Полусветов принес бутылку, разлил вино по бокалам.
– За что выпьем? За знакомство?
– И за новоселье, – сказал Полусветов.
– В смысле?
– Сегодня вечером мы с тобой переезжаем в новую квартиру.
– Опаньки…
– Никаких травм, – сказал он. – Просто сядем в машину и поедем в новую жизнь.
– Даже не знаю…
– У тебя есть другое предложение?
– Предложение-то, может, и есть, а вот выбора – нету.
– И?
– За новоселье, – со вздохом сказала она, поднимая бокал.
Они выпили.
– Боишься? – снова спросил Полусветов.
– Я теперь всего боюсь. А всего больше боюсь, что уже никогда не перестану бояться.
Она зевнула.
– Может, поспишь?
– Если только немножко. – Она помолчала. – Ты говорил, у тебя была жена…
– Она умерла. Это давно было.
– Извини…
Он укрыл ее одеялом, поцеловал в нос.
– Спи. Ты была хороша.
– Врешь, конечно, но всё равно приятно, – пробормотала она. – Чем ты меня мыл, а? Кожа стала как у младенца… шелковая…
Она глубоко вздохнула – и уснула с улыбкой на лице.
Ну что ж, подумал Полусветов, если женщина во сне подрастет на сантиметр-полтора, она этого не заметит. И не сразу поймет, что ее грудь и живот станут чуть-чуть меньше, а задница – шире. Чуть-чуть. Миллиметра на три-четыре. Для начала.
– Тринадцать, – прошептал он.
* * *Спать не хотелось, но Полусветов лег рядом с Корицей и закрыл глаза.
Он вспоминал Мансура Агатова, о котором рассказал Корице, мальчика из благополучной семьи: отец – физик-ядерщик, мать – известная переводчица с французского и испанского. Репутация у Мансура была сложной: с одной стороны – один из лучших учеников и спортсменов, с другой – приводы в милицию за торговлю иностранной валютой, кастет в кармане, связь с учительницей математики, цинизм и наглость.
Многим казалось странным, что его тянуло к Льву Полусветову, уравновешенному, здравомыслящему и осторожному парню. Мансур никогда не пытался совратить друга, втянуть его в свои темные дела. Может, Полусветов привлекал Мансура потому, что был его противоположностью, может, потому, что ценил его надежность.
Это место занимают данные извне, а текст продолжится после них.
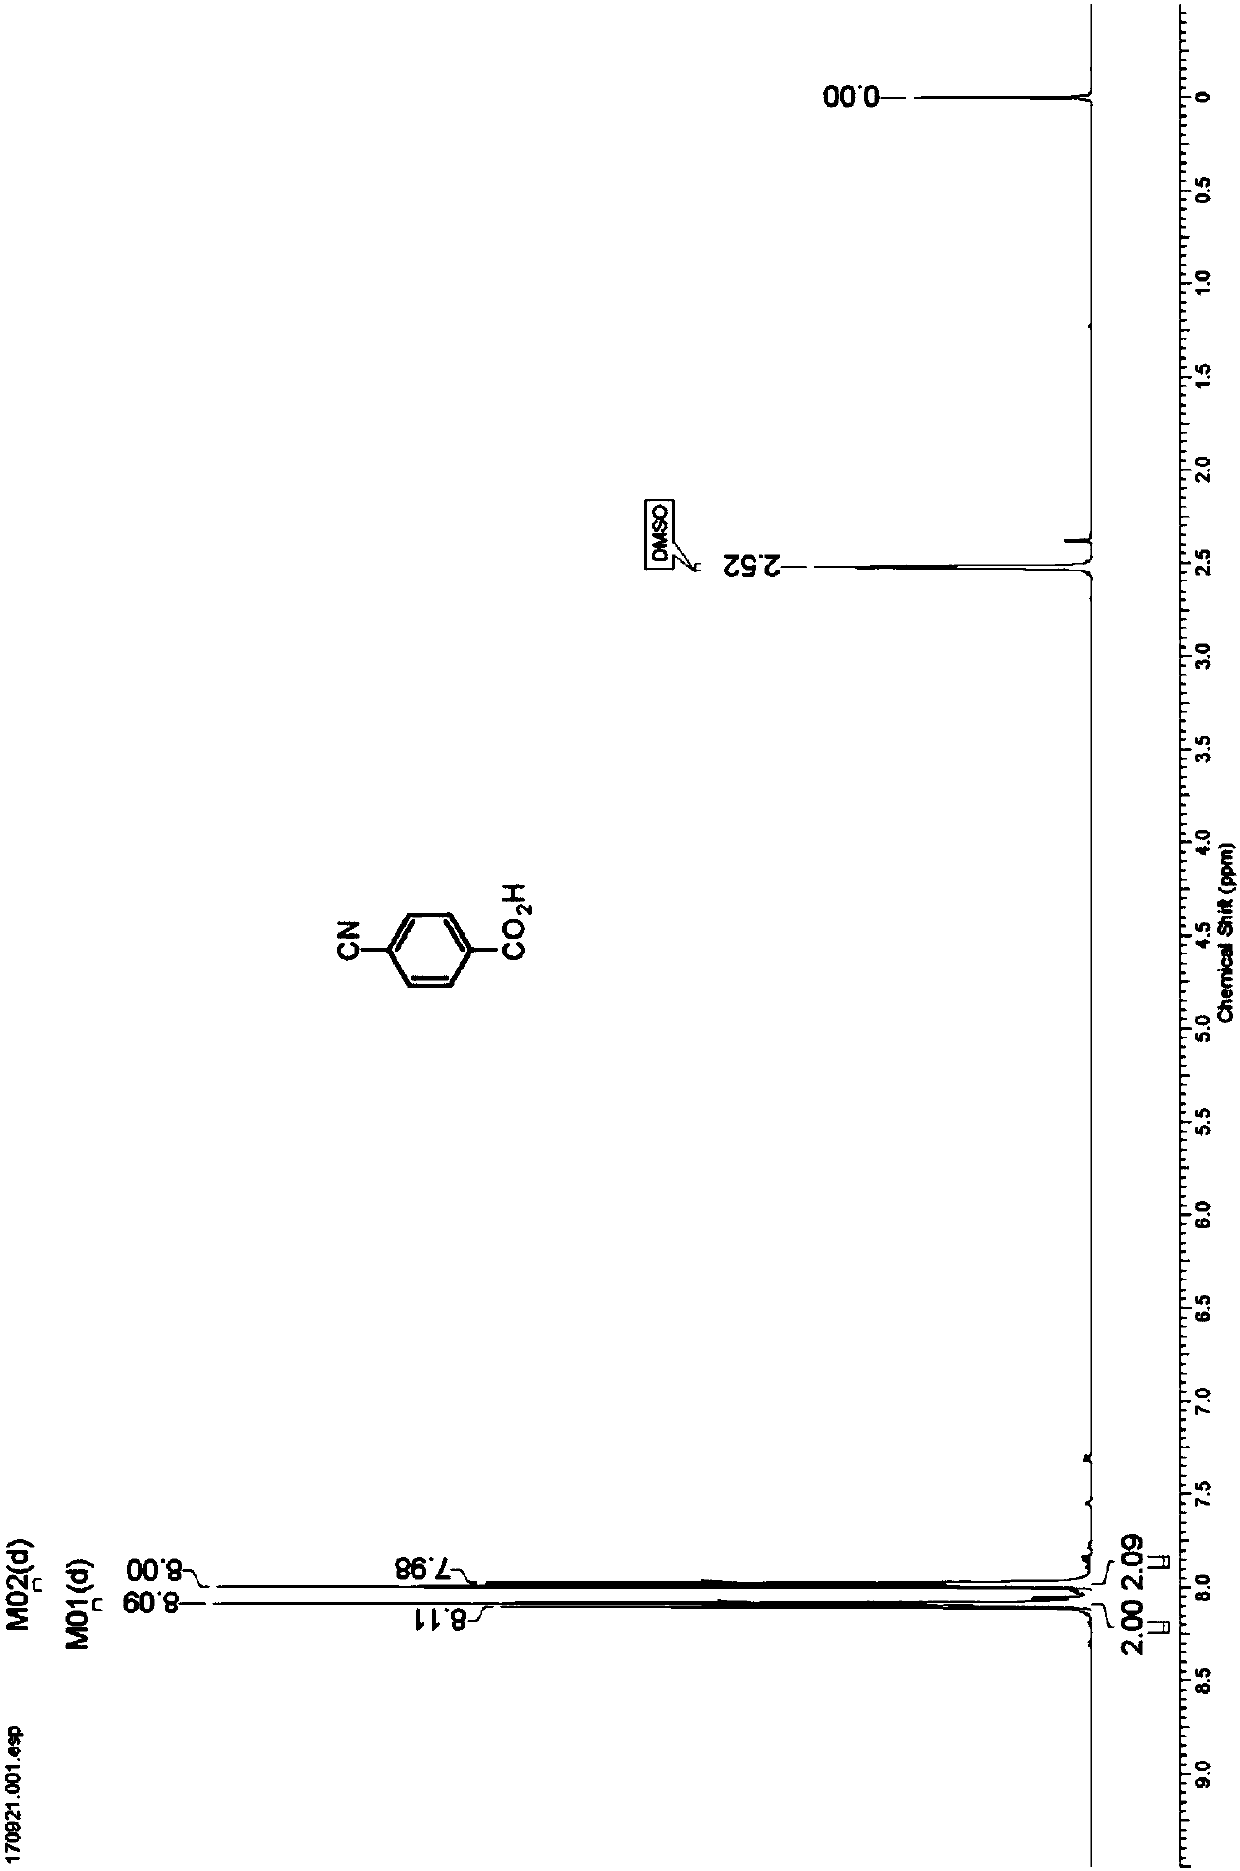 Nitrilase capable of preparing paracyanobenzoic acid by hydrolyzing p-benzenedicarbonitrile

Время от времени Мансур просил друга кое-что припрятать до поры, зная наверняка, что Полусветов не станет интересоваться содержимым сумки или коробки и никому о них не расскажет.
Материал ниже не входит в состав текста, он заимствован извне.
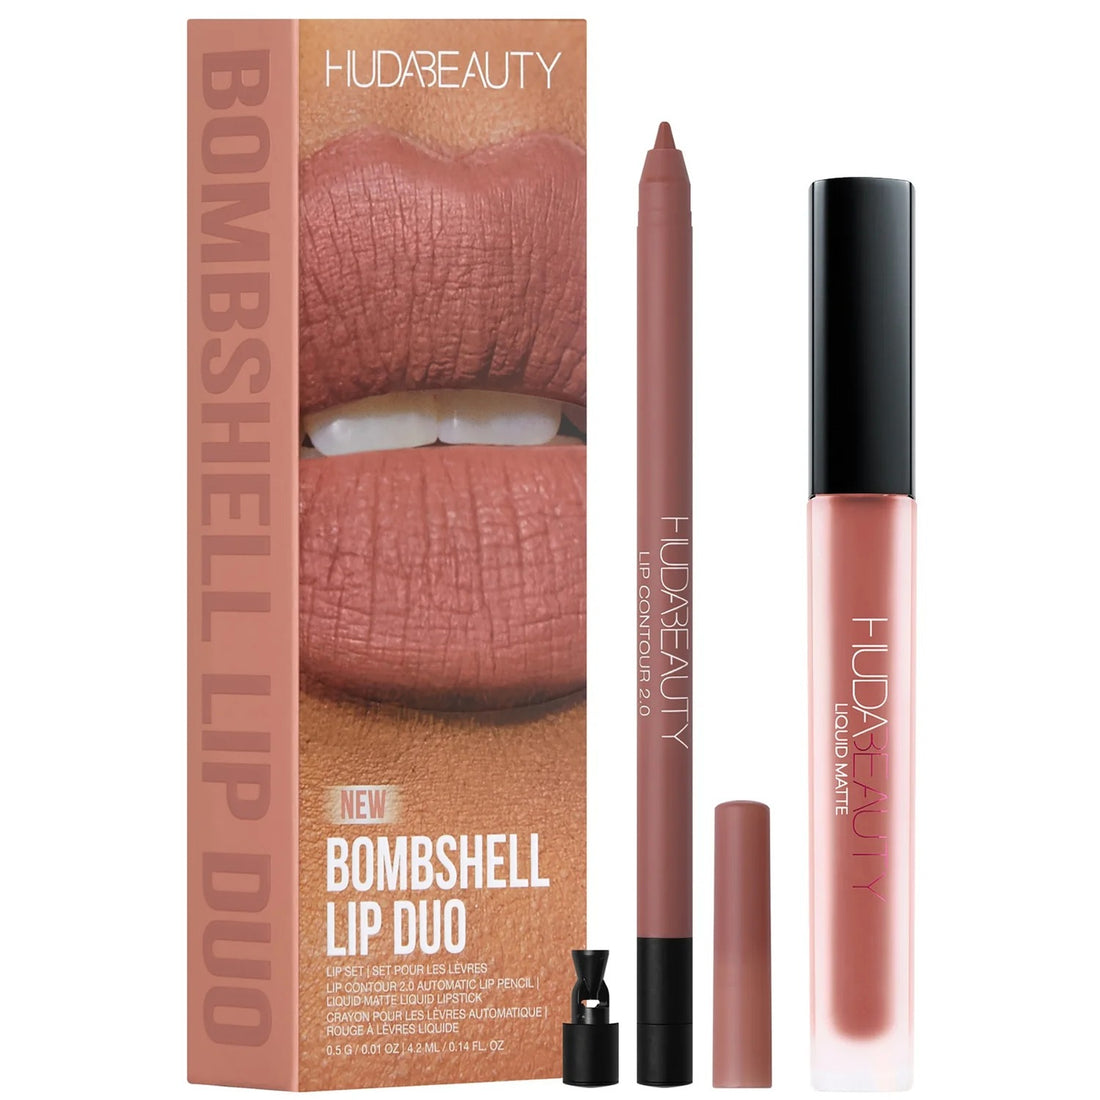 Huda Beauty Bombshell Lip Duo Set

Однажды вечером Мансур и Полусветов, гуляя без всякой цели, забрели в промзону, примыкавшую к МКАД, где среди куч мусора и березы доживали век какие-то полузабытые склады, заборы которых были украшены ржавыми табличками с надписями «Вход и въезд запрещен».
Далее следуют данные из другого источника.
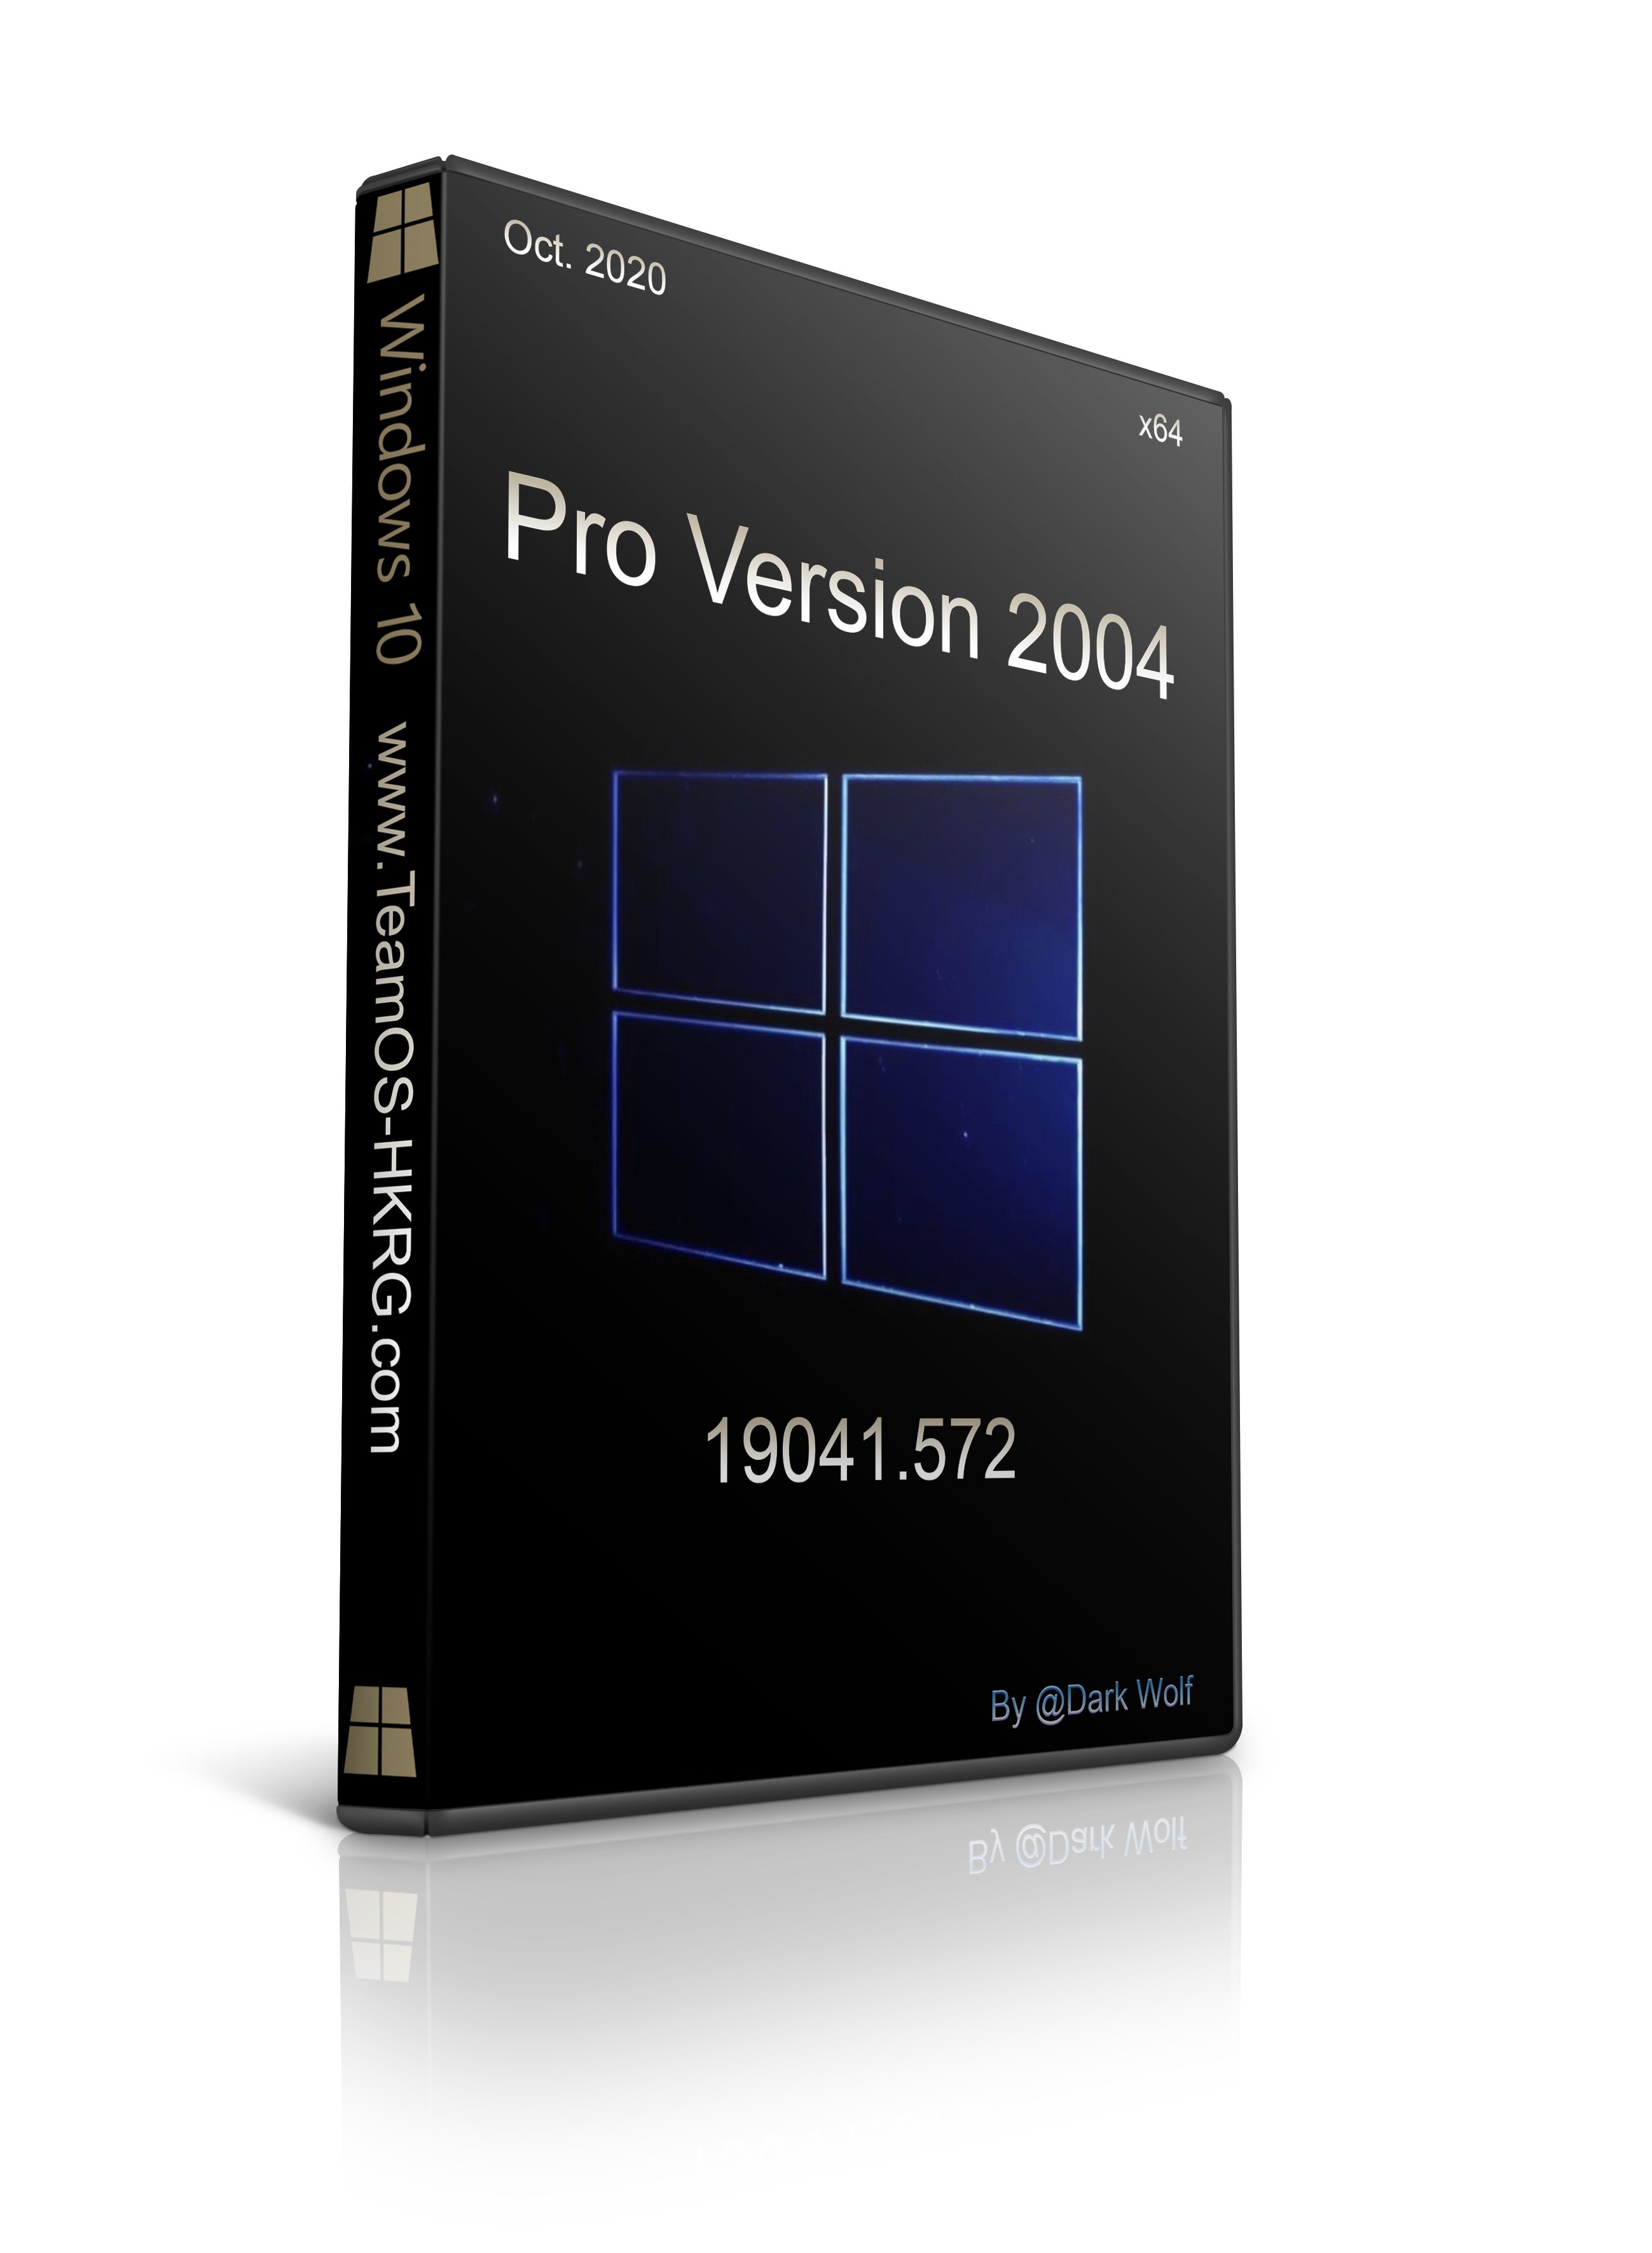 windows 10 pro 2004 download iso

Мансур знал дорогу. Они нырнули в кусты, осторожно отодвинули доски, пролезли в дыру, бегом пересекли двор, засыпанный шлаком, сквозь который пробивались лопухи, и остановились у приземистого здания с зарешеченными маленькими окошками.
Кирпич обветшал, решетки проржавели – похоже, строение было заброшено.
Агатов повозился с замком, осторожно открыл железную дверь, и они проскользнули в щель. Полусветов включил карманный фонарик – помещение было завалено рулонами брезента, ящиками и бочками, покрытыми пылью.
При свете фонарика они подняли тяжелый люк, спустились по железной лесенке в подвал и повернули выключатель – под низким потолком загорелись неяркие лампы, забранные металлическими сетками.
В центре помещения высился довольно большой квадратный ящик, укрытый грязным брезентом.
Они сняли брезент, сдвинули тяжелую пластиковую крышку и перевели дух.
– Что это? – спросил Полусветов.
– Белое, – ответил Мансур.
– Это понятно. Но что это?
– Понятия не имею, – сказал Мансур. – Ты потрогай. Да не бойся, трогай!
Две трети ящика занимал большой округлый кусок гладкого упругого теплого вещества белого цвета, которое легко поддавалось нажиму. Стоило убрать руку, как белое принимало прежнюю форму. На ощупь оно было приятным и напоминало человеческую кожу, а точнее – упругую женскую грудь или ягодицу.
– Ты правда не знаешь, что это такое?
– Не-а, – сказал Мансур. – Но зачем-то оно нужно, если хранится у военных.
– Может, взрывчатка?
– Не похоже.
– И что делать?
– Месить, – сказал Мансур, закатывая рукава рубашки. – Будем месить белое. Видел, как тесто месят? Ну и давай.
Часа через два Полусветов вернулся домой и лег в постель.
Он чувствовал, что в его жизни произошло нечто небывалое, невероятное, потрясающее, пугающее, и ему хотелось понять, что же это было.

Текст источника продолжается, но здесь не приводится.